● **ACTIVITY**: In the listing below, the lines starting at the line with "Miami Beach Marina" and ending at the line with "gold seashell stud earrings" are to be output verbatim. Images stay out of the copy.

● **INPUT RECORDS**:

'''

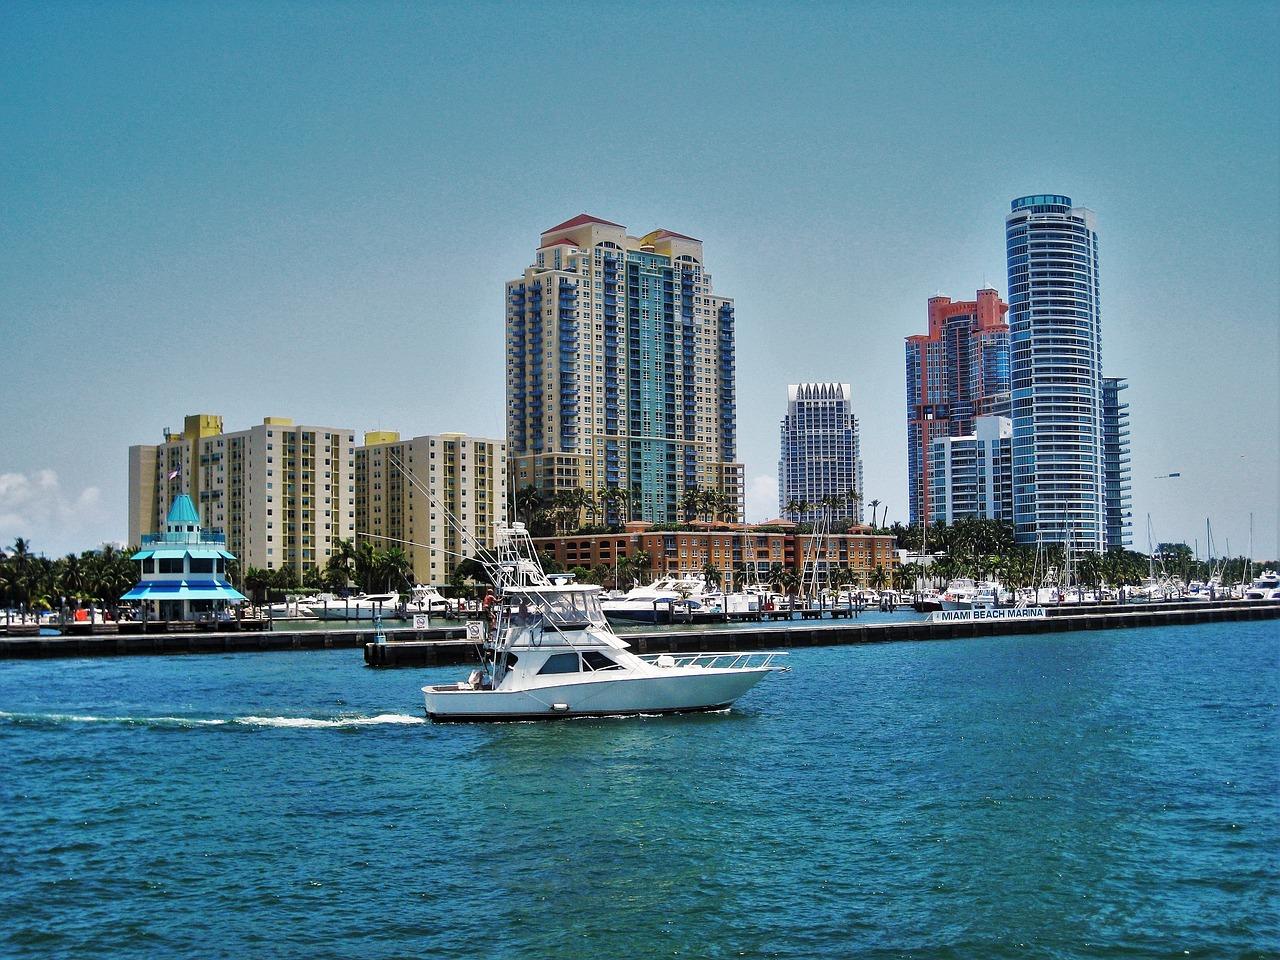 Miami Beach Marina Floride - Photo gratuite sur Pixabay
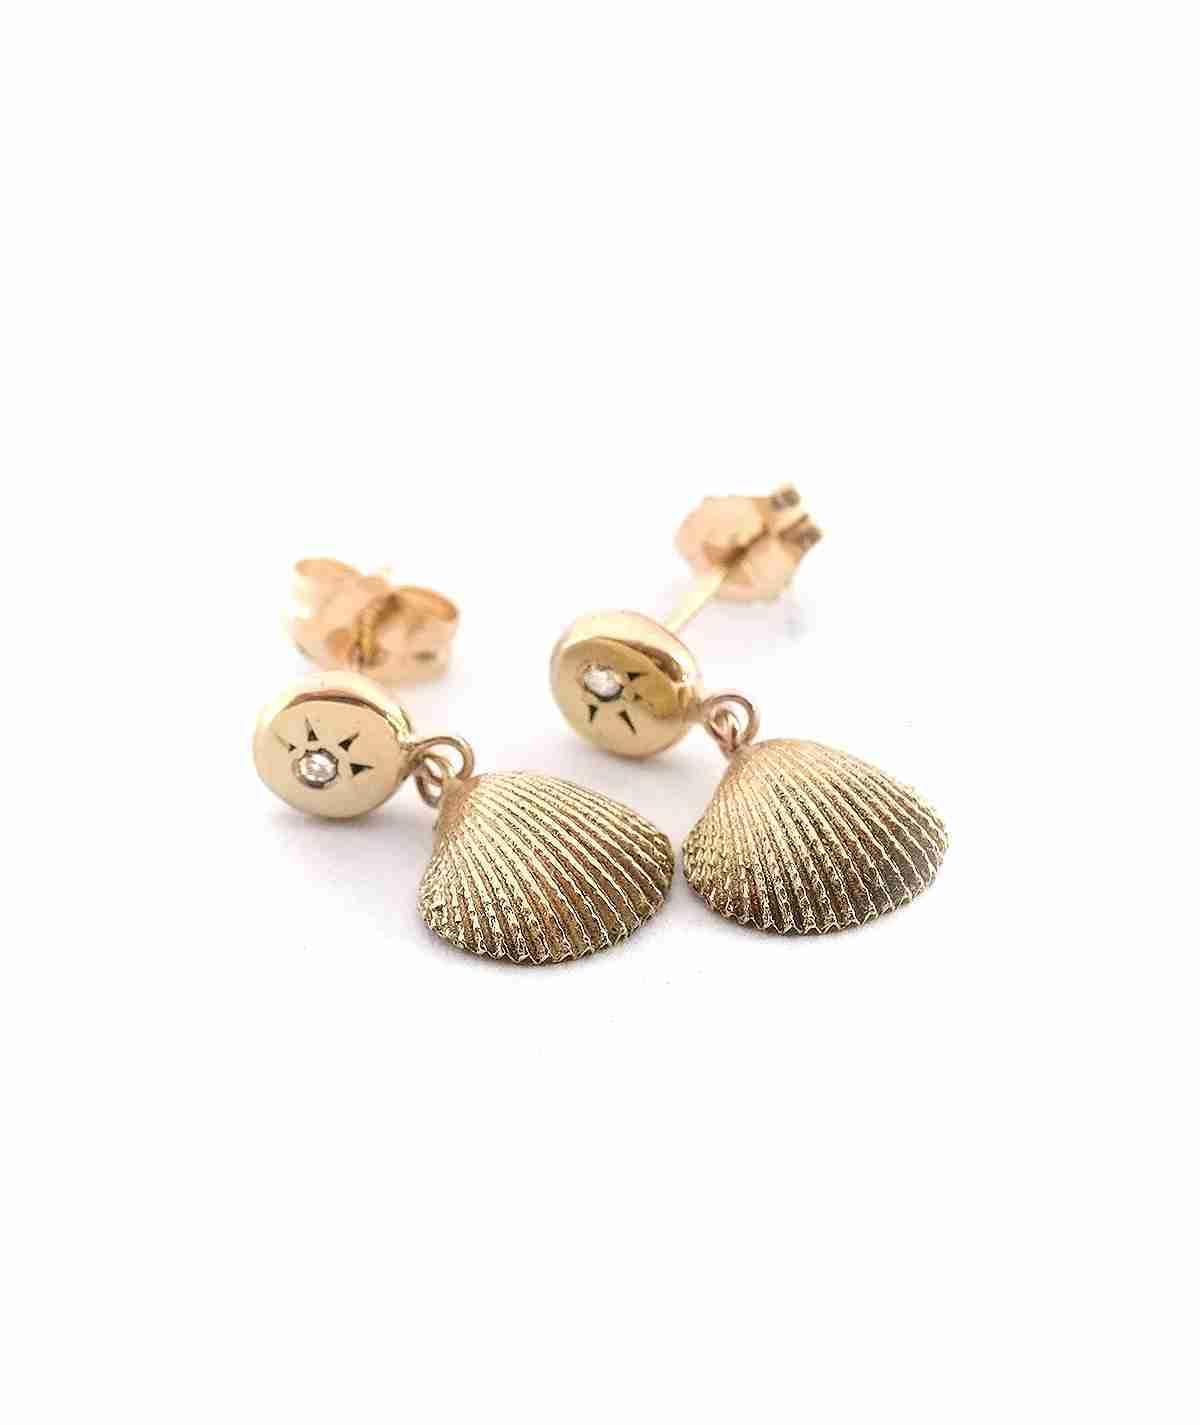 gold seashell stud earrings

'''
'''

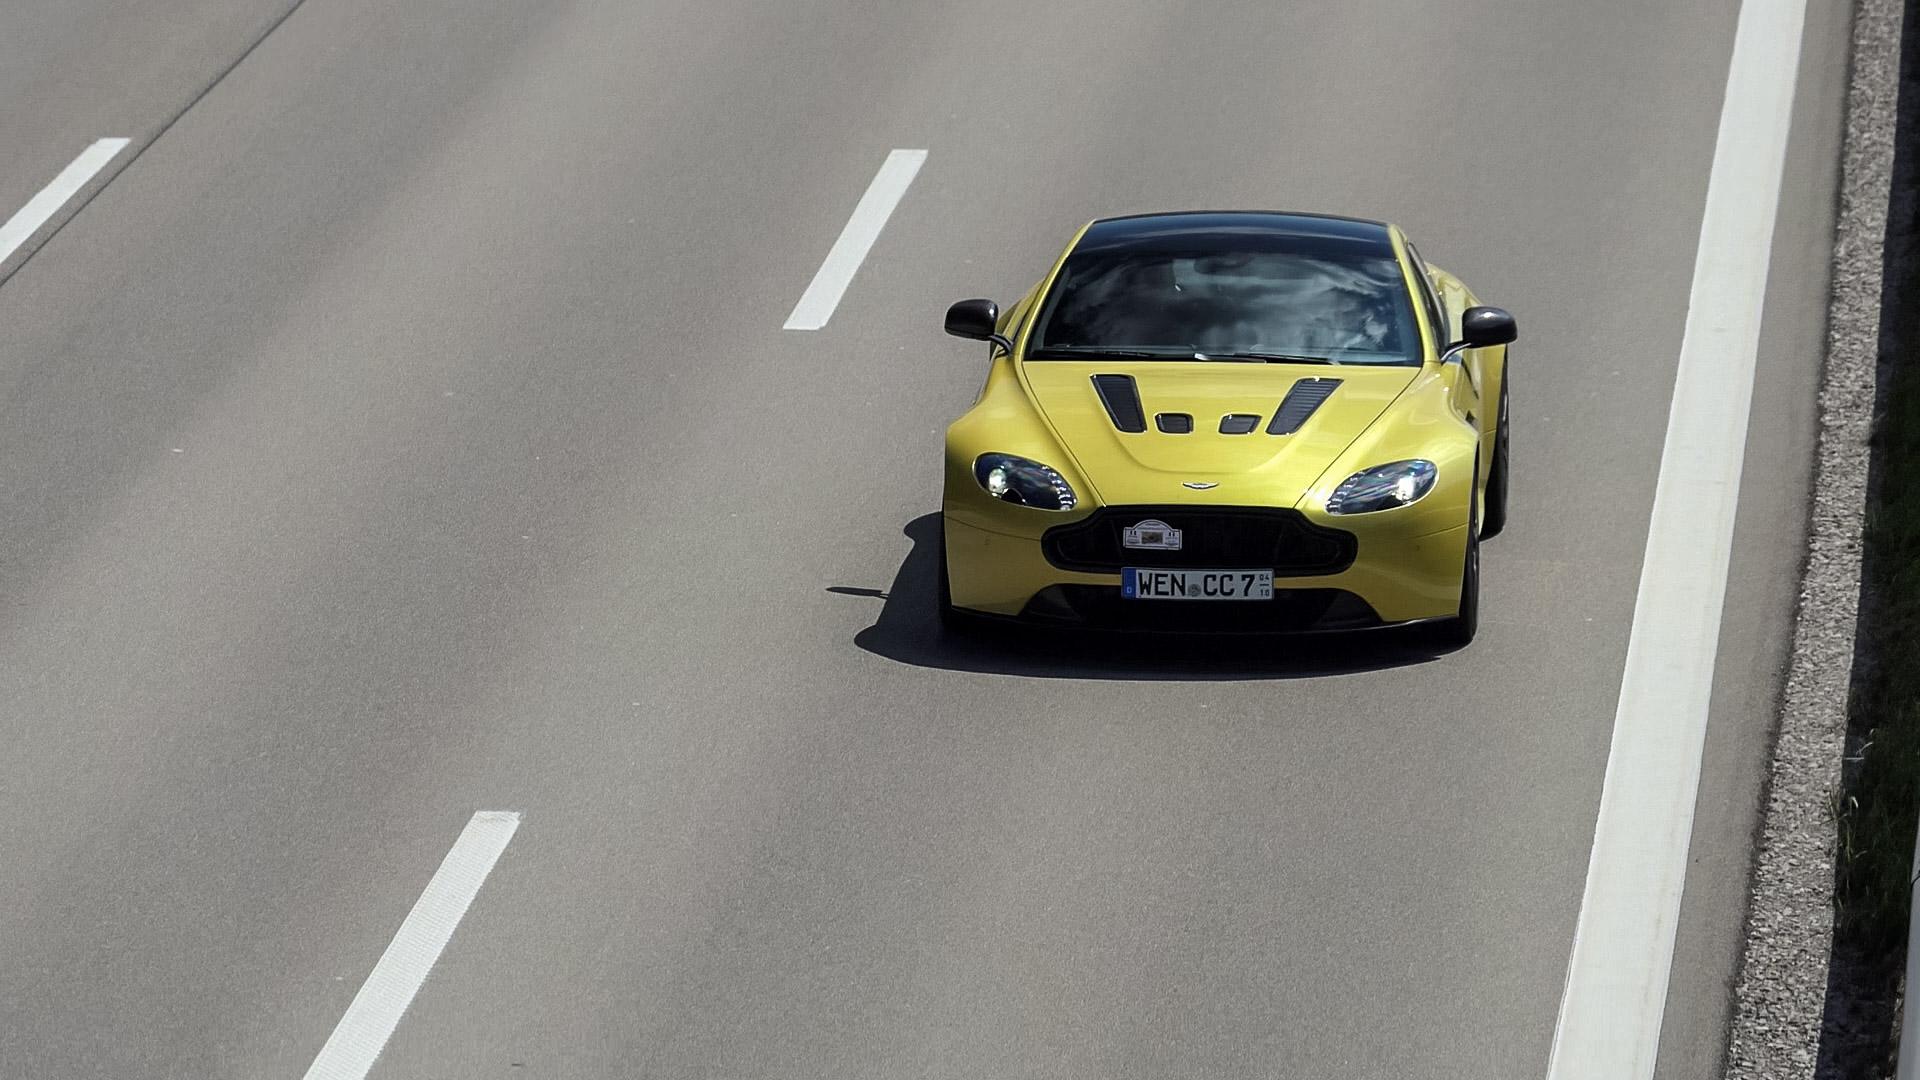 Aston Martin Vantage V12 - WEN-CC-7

'''
'''

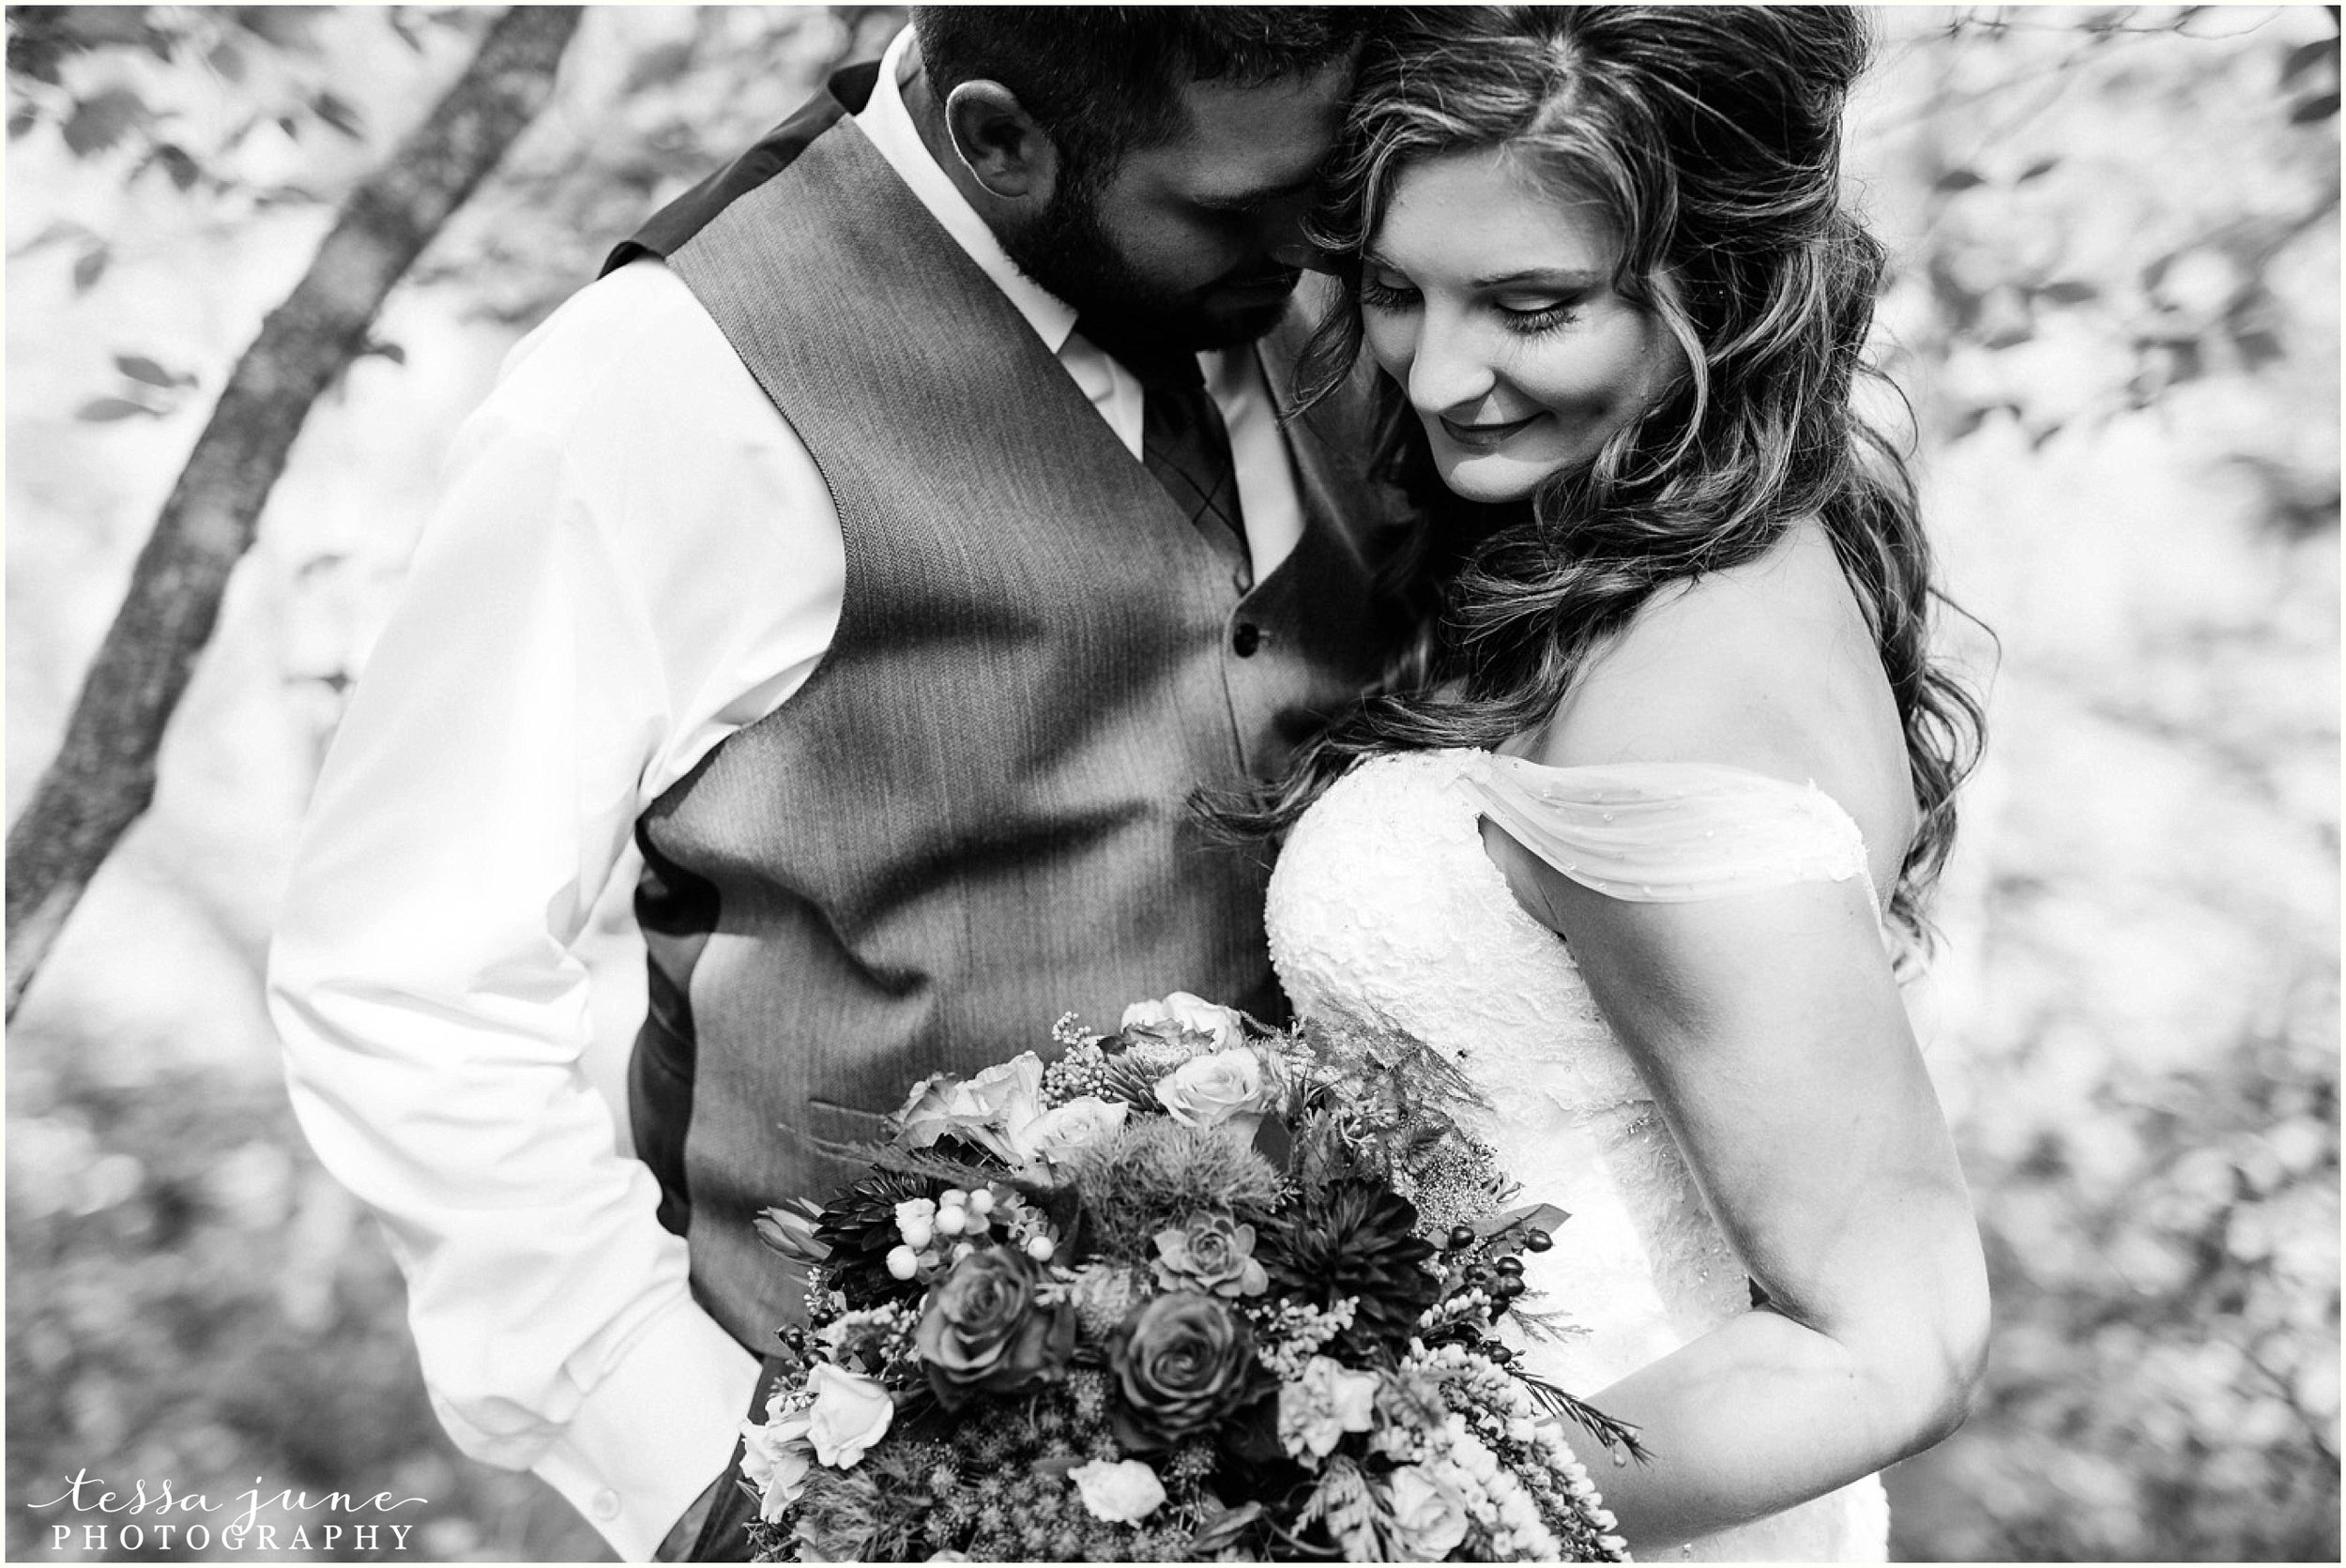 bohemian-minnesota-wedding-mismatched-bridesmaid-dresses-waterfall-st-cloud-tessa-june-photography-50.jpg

'''

● **ANSWER TO THE PROBLEM**:
 Miami Beach Marina Floride - Photo gratuite sur Pixabay
 gold seashell stud earrings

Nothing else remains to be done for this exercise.